- Opening Delimiter -
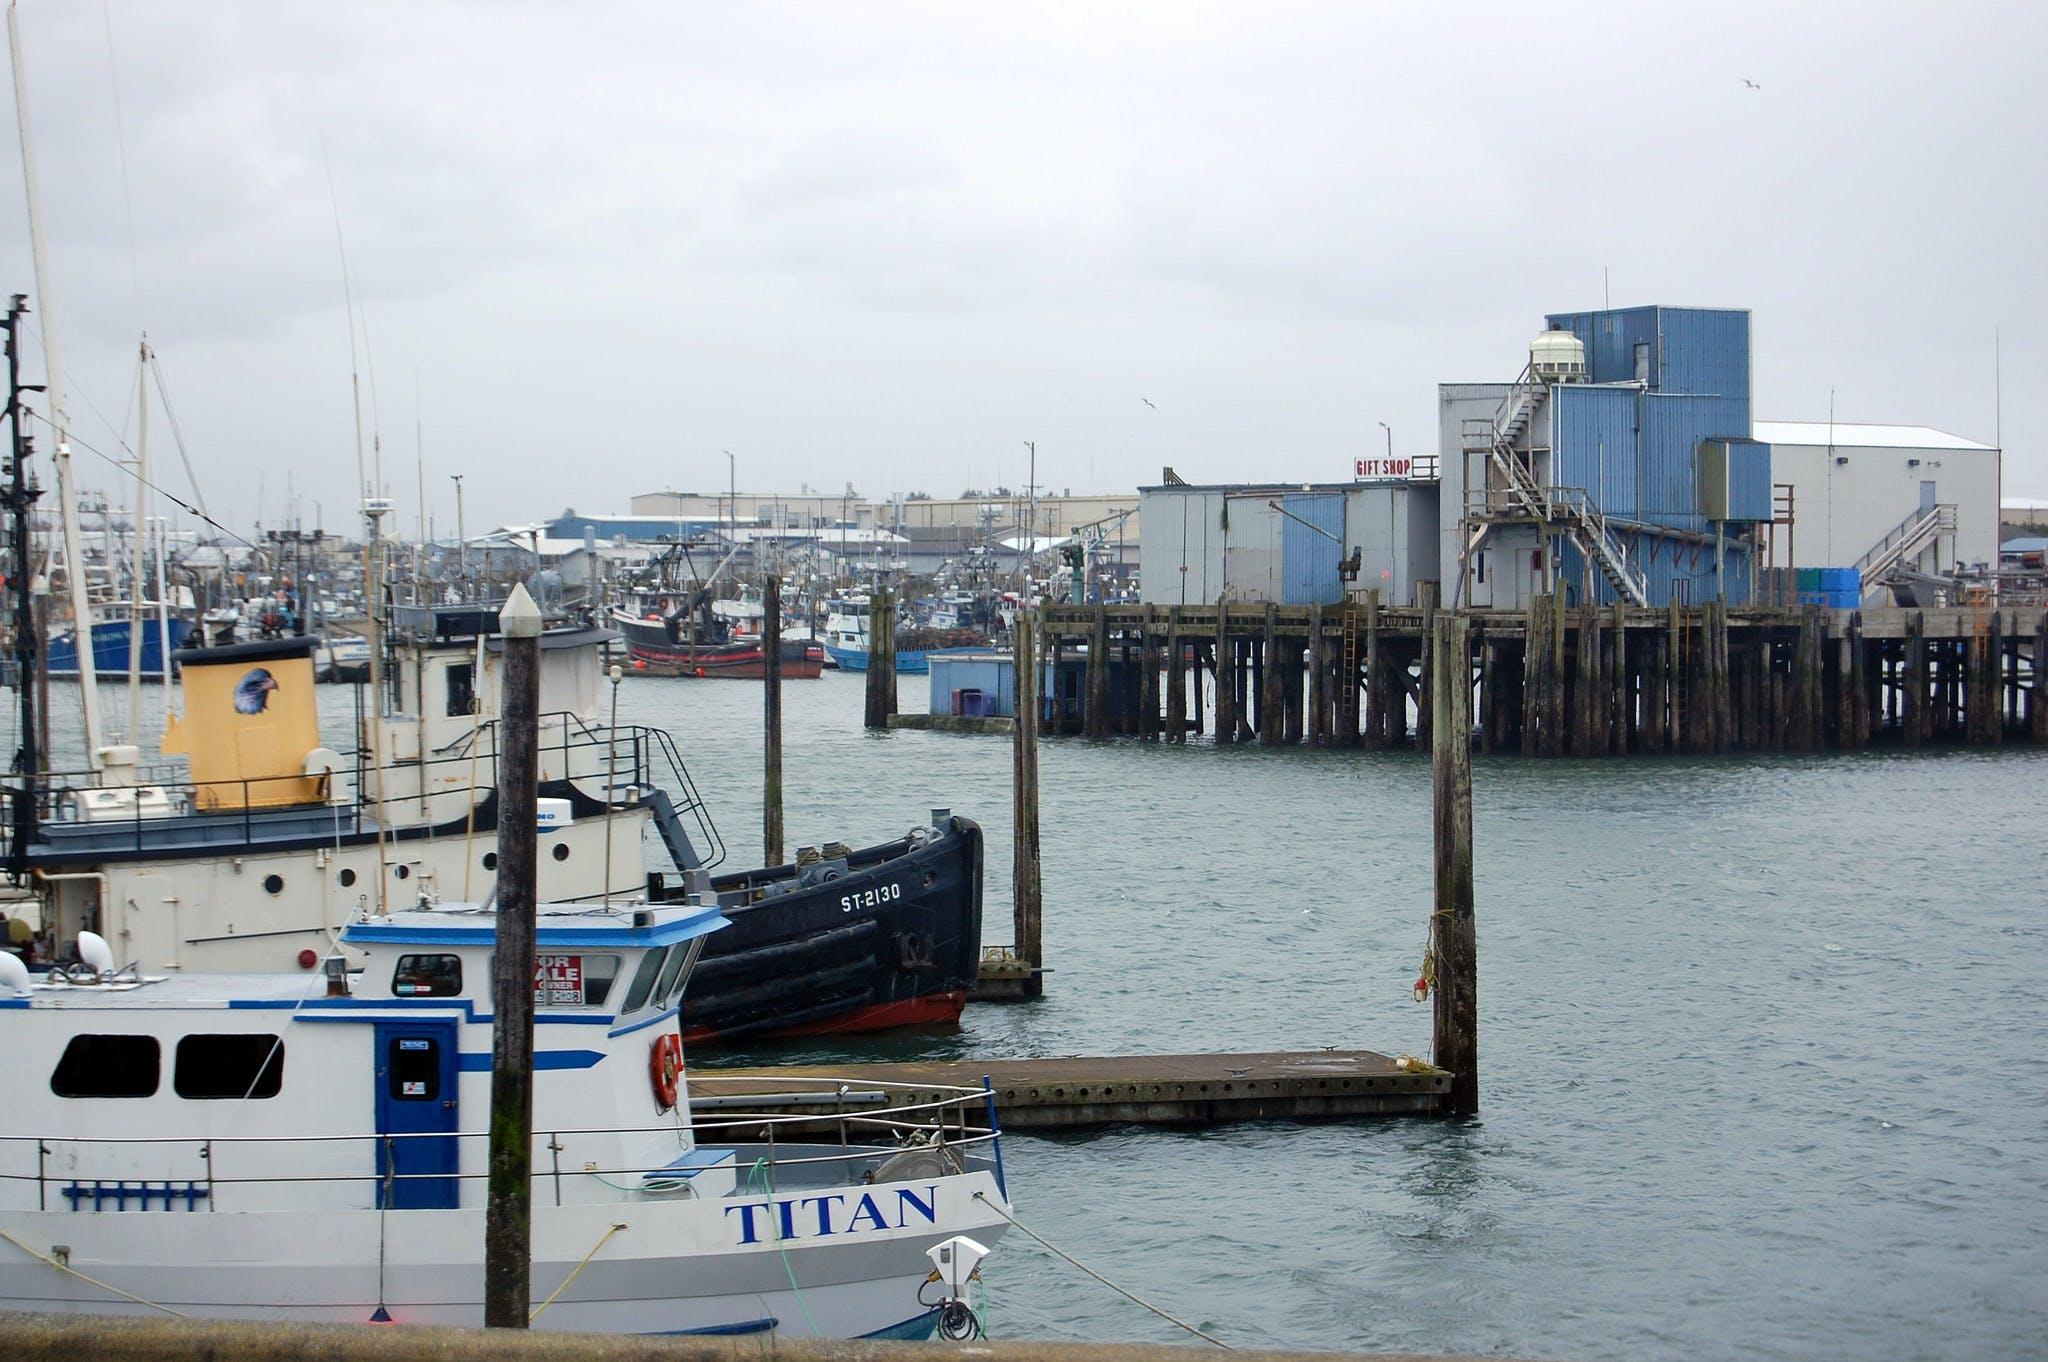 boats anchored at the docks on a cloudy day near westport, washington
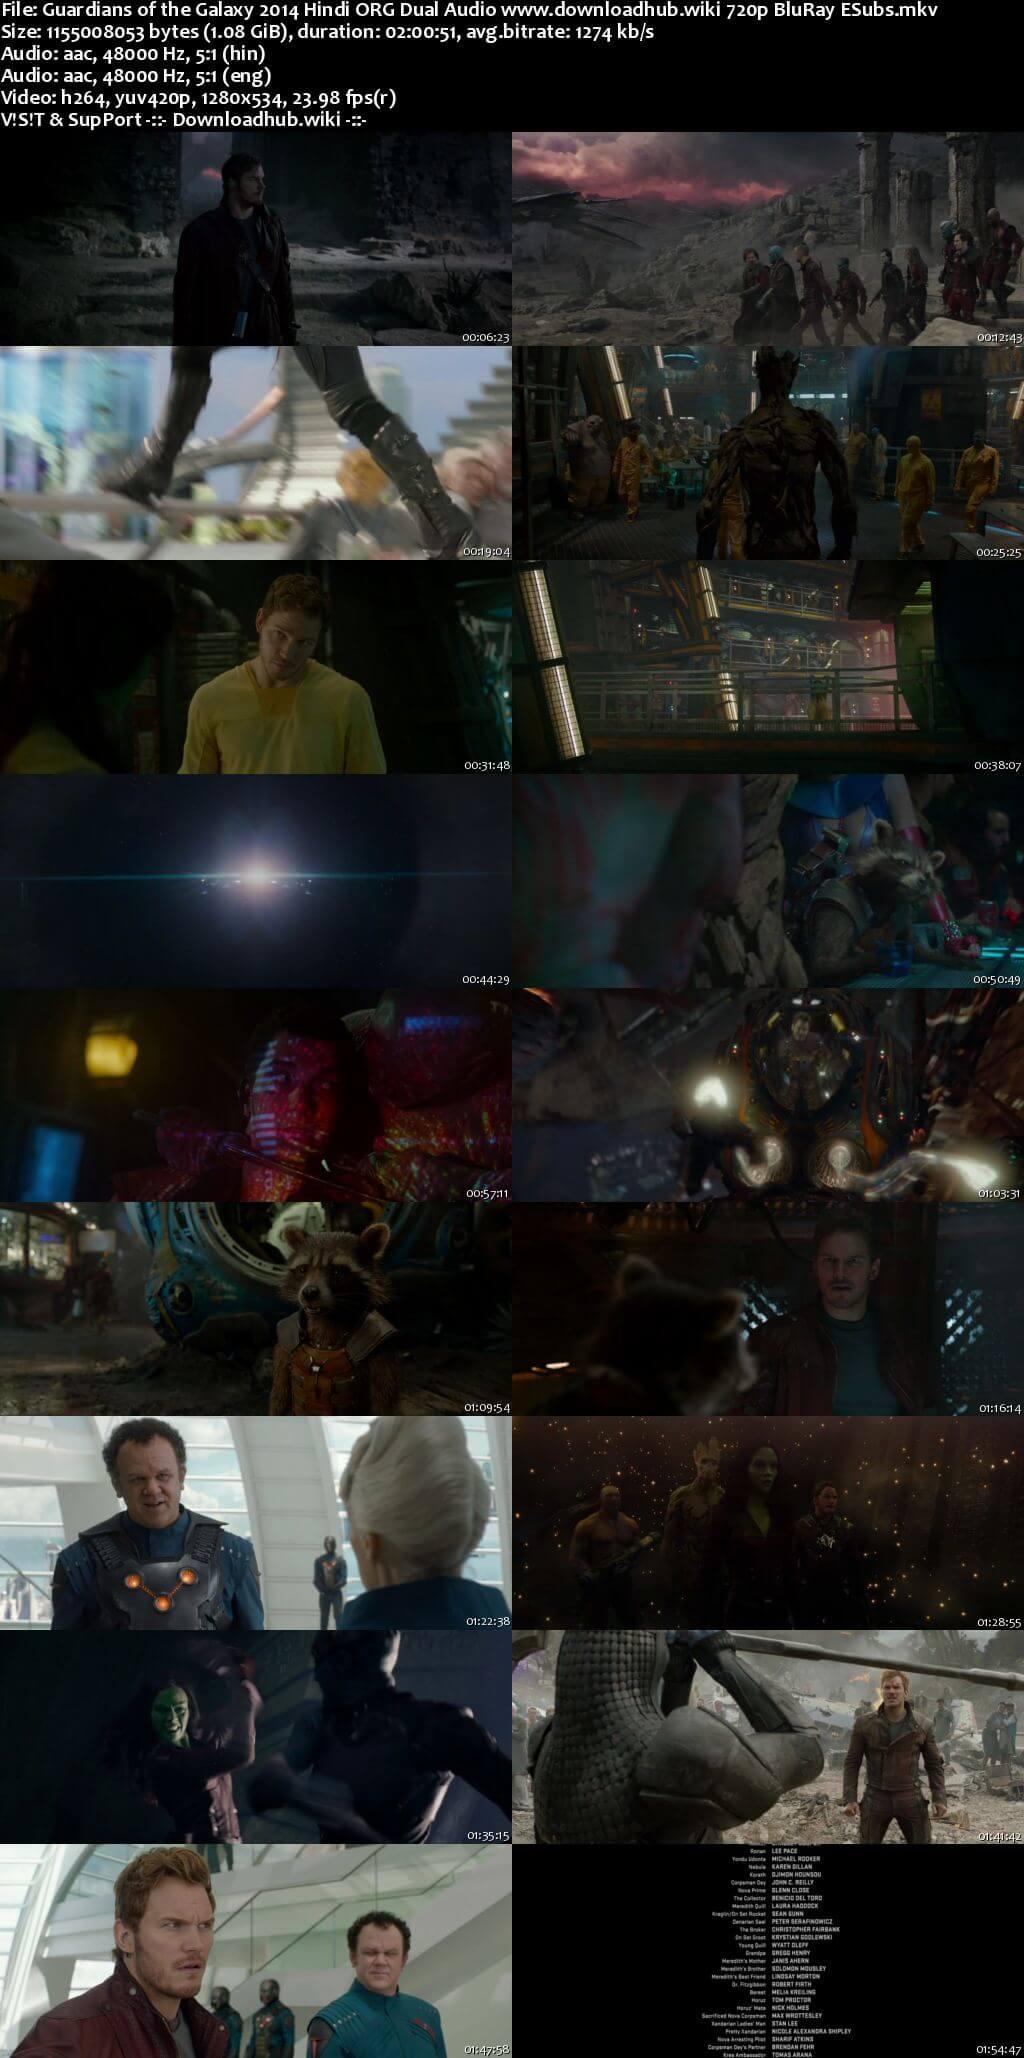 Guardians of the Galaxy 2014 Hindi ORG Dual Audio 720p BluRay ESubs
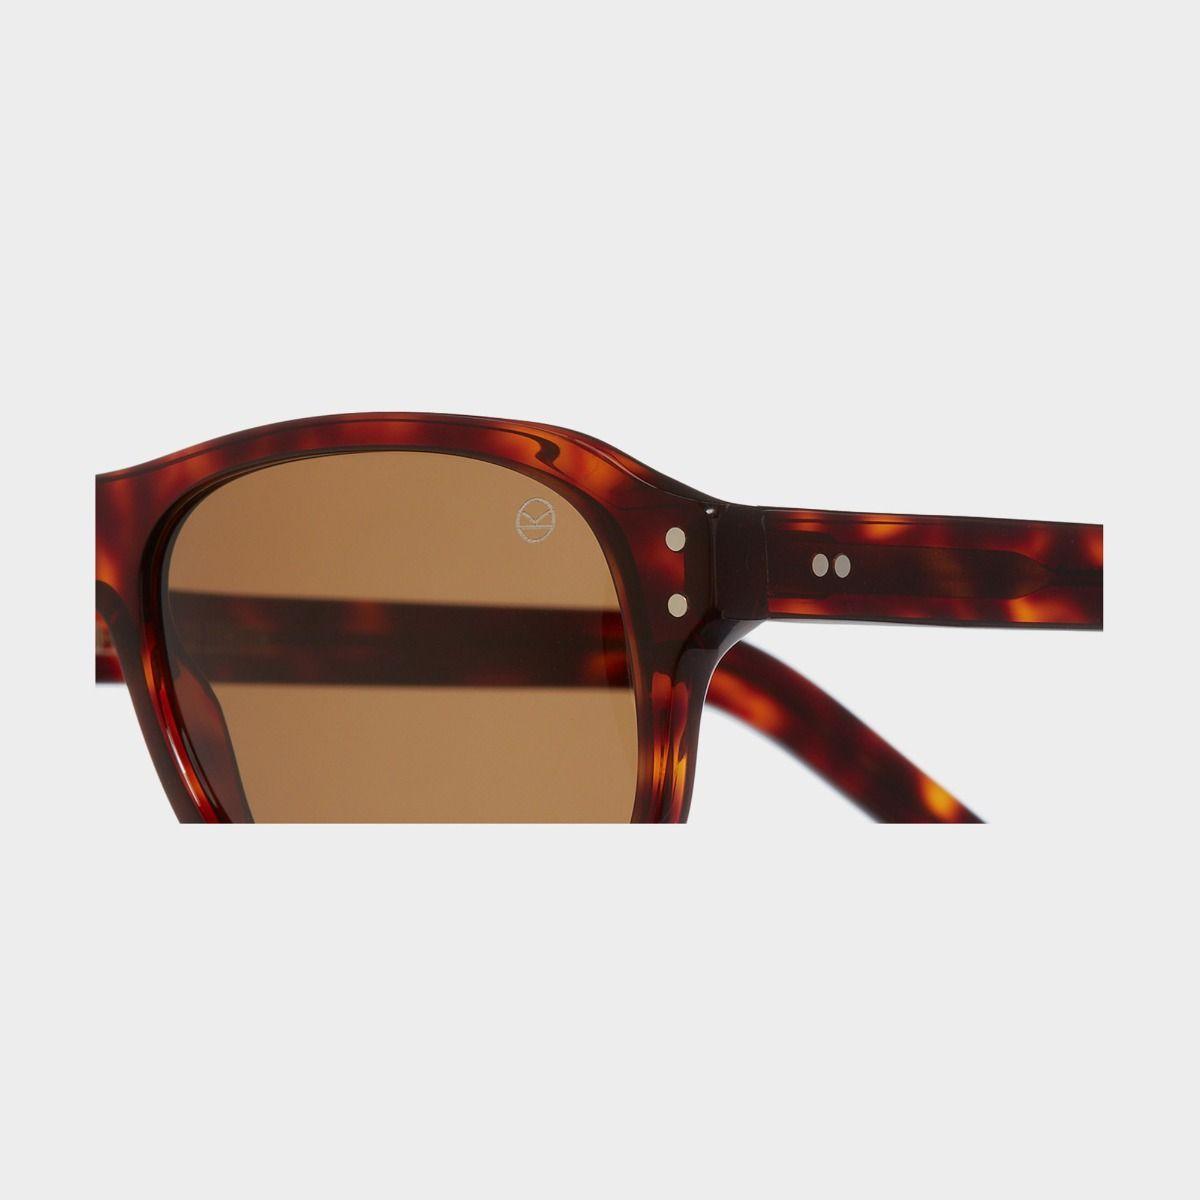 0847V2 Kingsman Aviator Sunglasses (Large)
- Closing Delimiter -
Within the listing above, find the line containing "Guardians of the", then print it and every line after it exactly, leaving out pictures.

 Guardians of the Galaxy 2014 Hindi ORG Dual Audio 720p BluRay ESubs
 0847V2 Kingsman Aviator Sunglasses (Large)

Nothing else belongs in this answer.